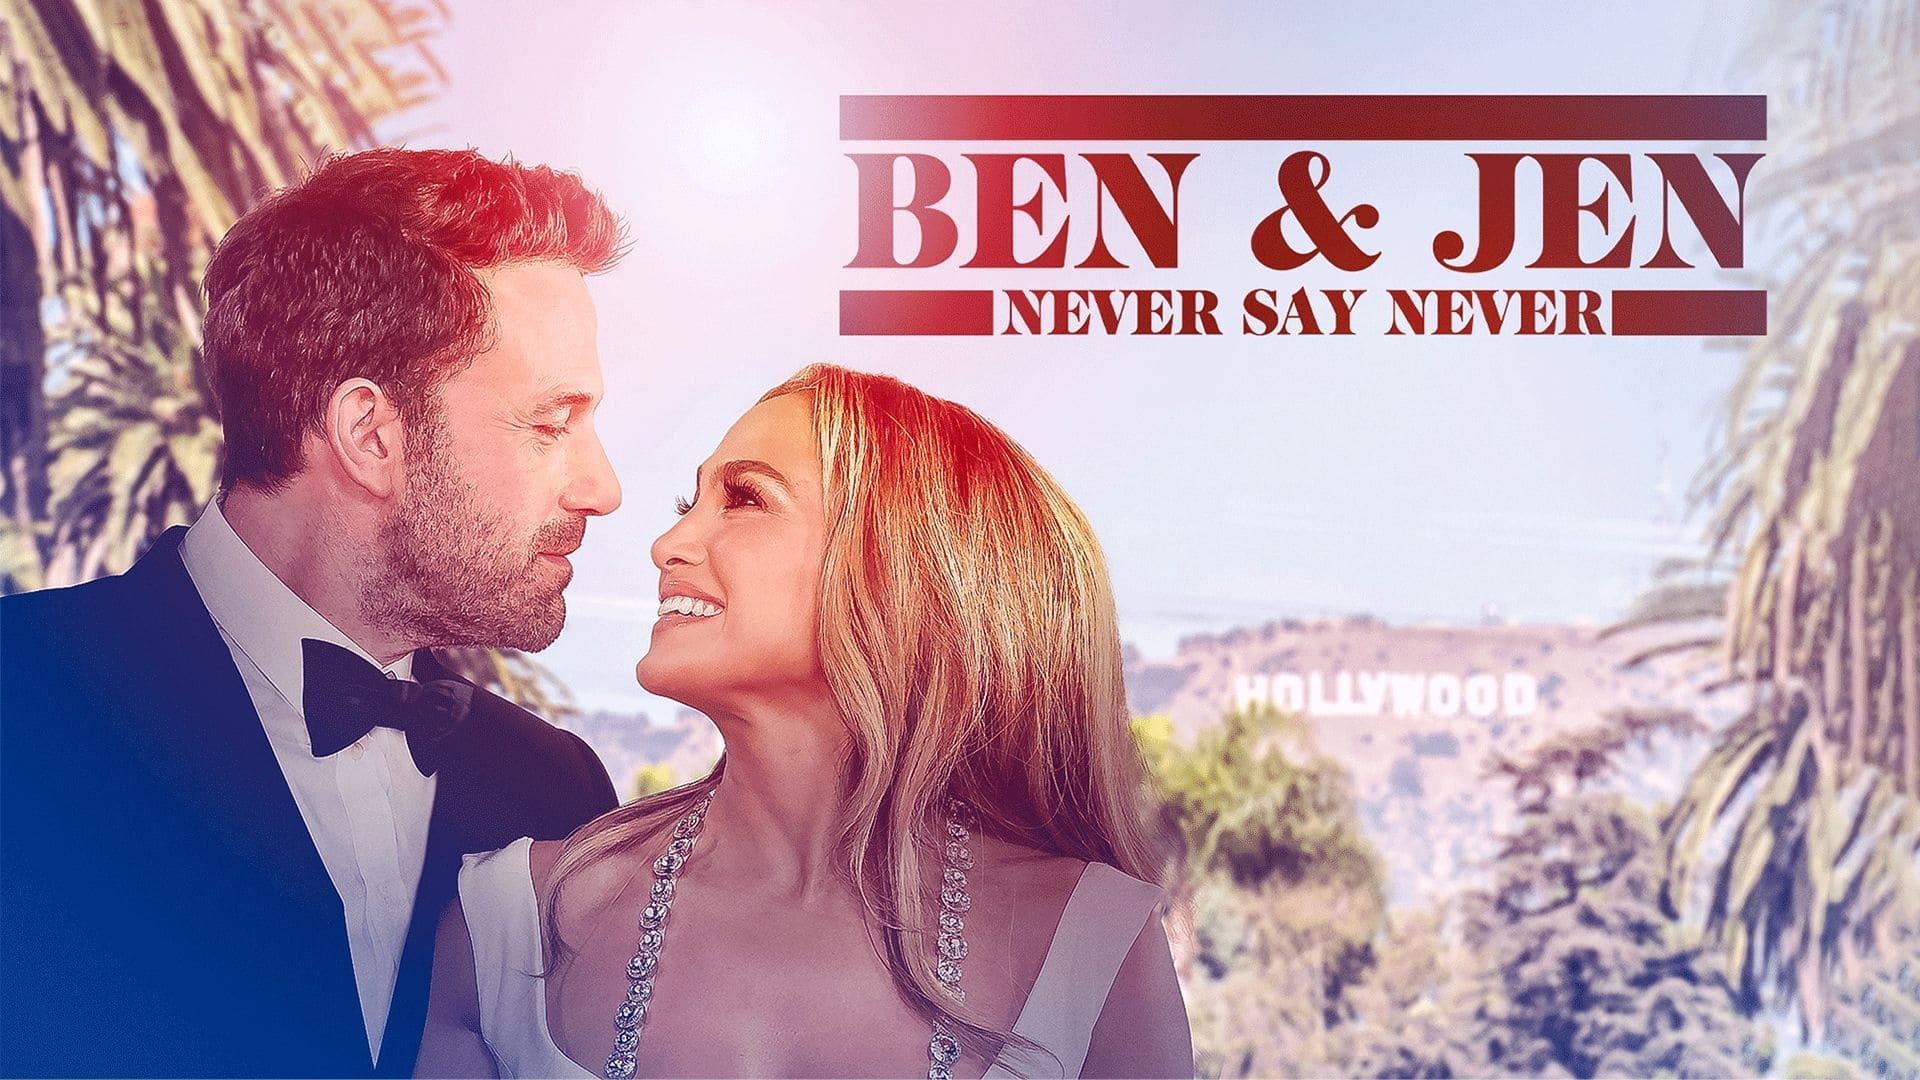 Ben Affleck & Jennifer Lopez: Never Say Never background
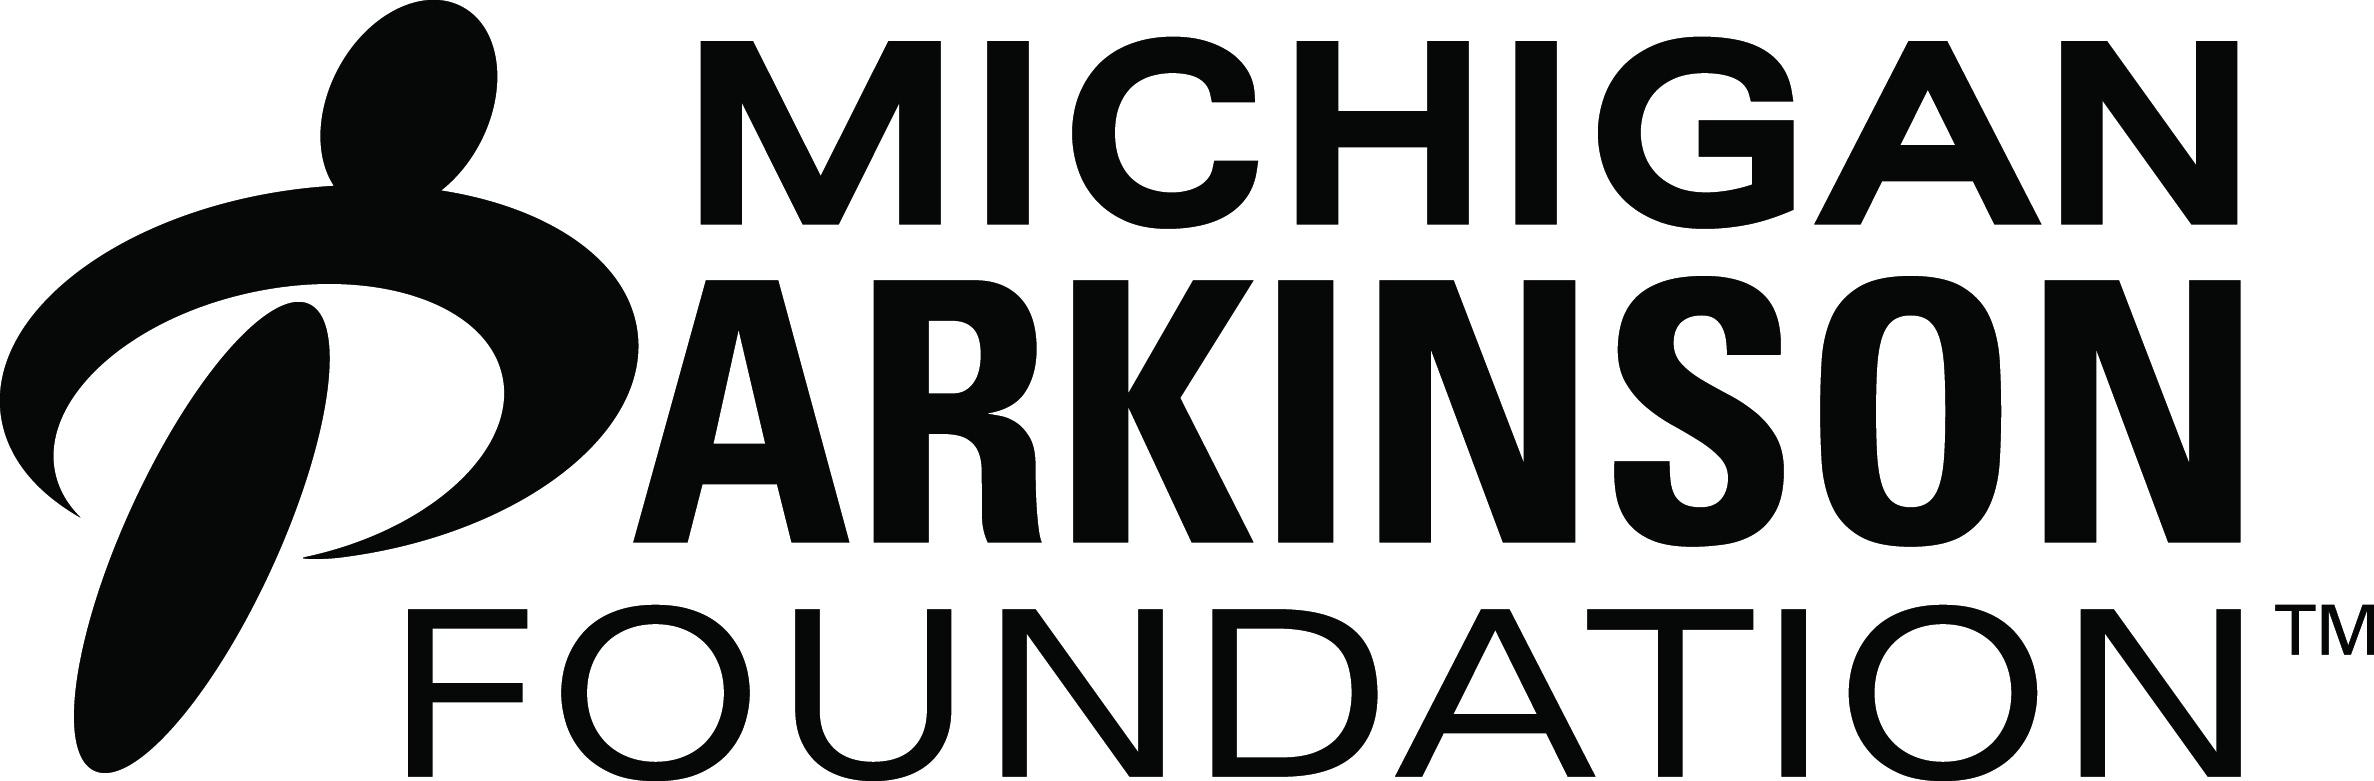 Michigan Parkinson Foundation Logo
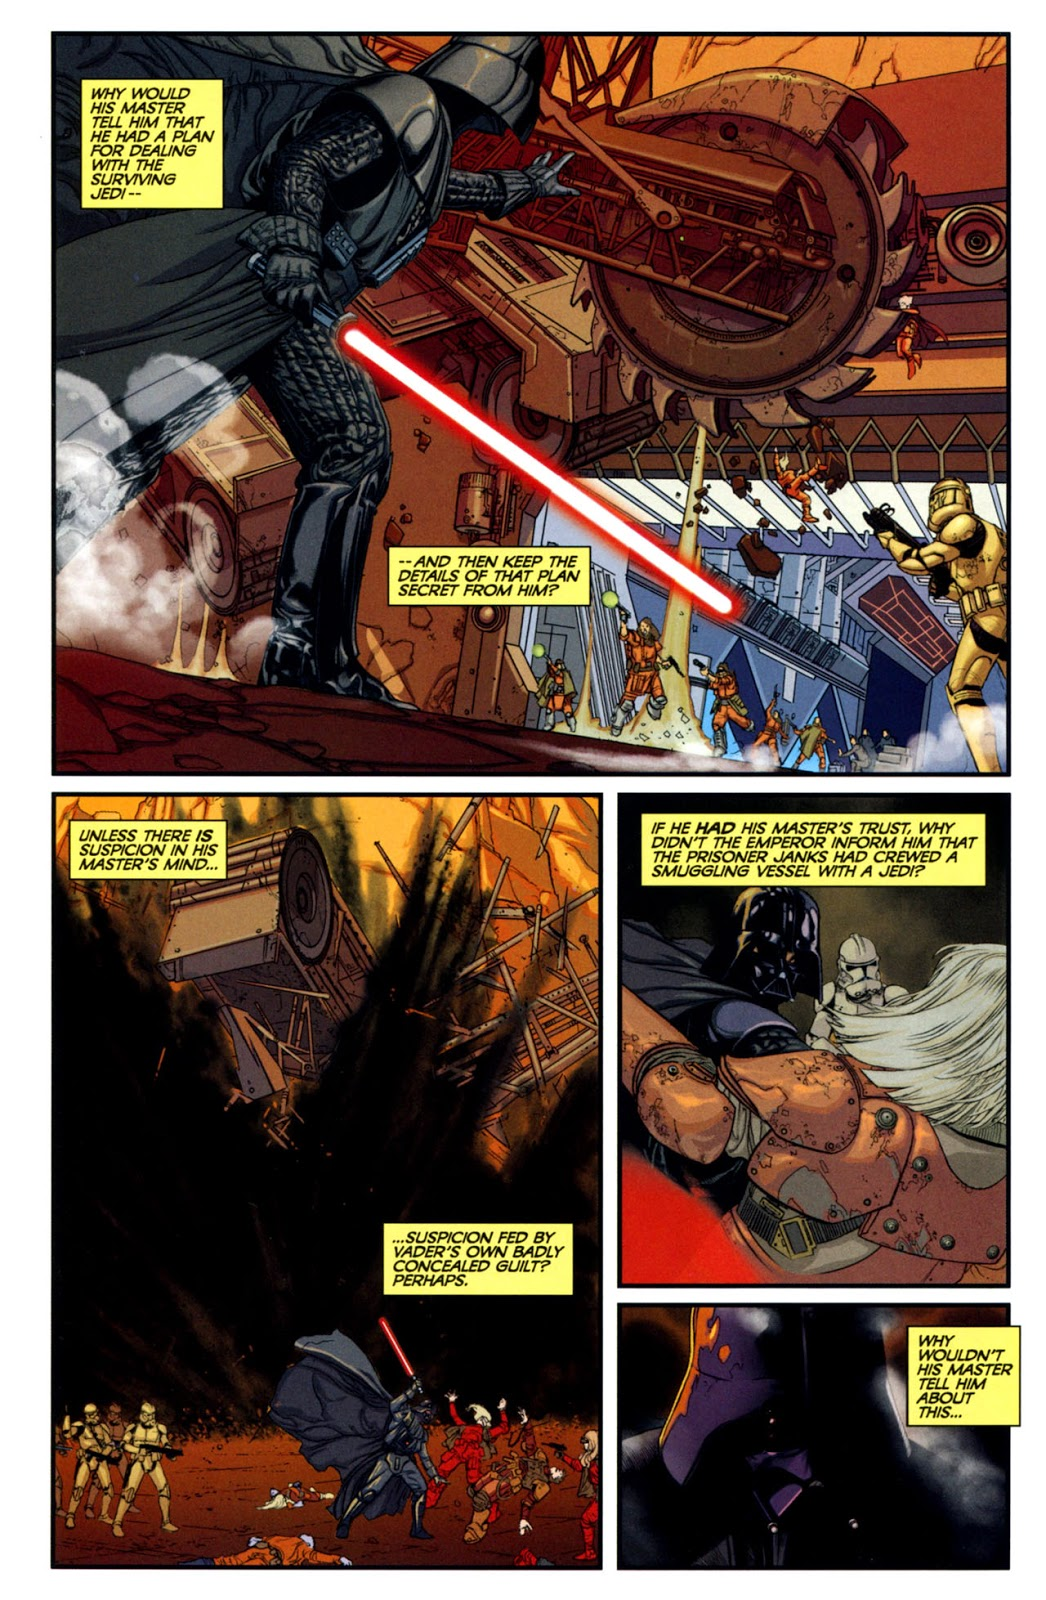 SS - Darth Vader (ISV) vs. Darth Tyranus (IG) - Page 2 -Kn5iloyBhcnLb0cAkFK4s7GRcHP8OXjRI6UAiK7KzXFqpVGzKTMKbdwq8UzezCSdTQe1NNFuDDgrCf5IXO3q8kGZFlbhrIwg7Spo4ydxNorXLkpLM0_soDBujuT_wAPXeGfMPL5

^^^^^^^^

EXERCISE GOAL:
Give back, word for word, the lines from the one containing "Michigan Parkinson Foundation Logo" through the last line of the listing above; include both ends and exclude the pictures.

RESPONSE TO THIS EXERCISE:
 Michigan Parkinson Foundation Logo
 SS - Darth Vader (ISV) vs. Darth Tyranus (IG) - Page 2 -Kn5iloyBhcnLb0cAkFK4s7GRcHP8OXjRI6UAiK7KzXFqpVGzKTMKbdwq8UzezCSdTQe1NNFuDDgrCf5IXO3q8kGZFlbhrIwg7Spo4ydxNorXLkpLM0_soDBujuT_wAPXeGfMPL5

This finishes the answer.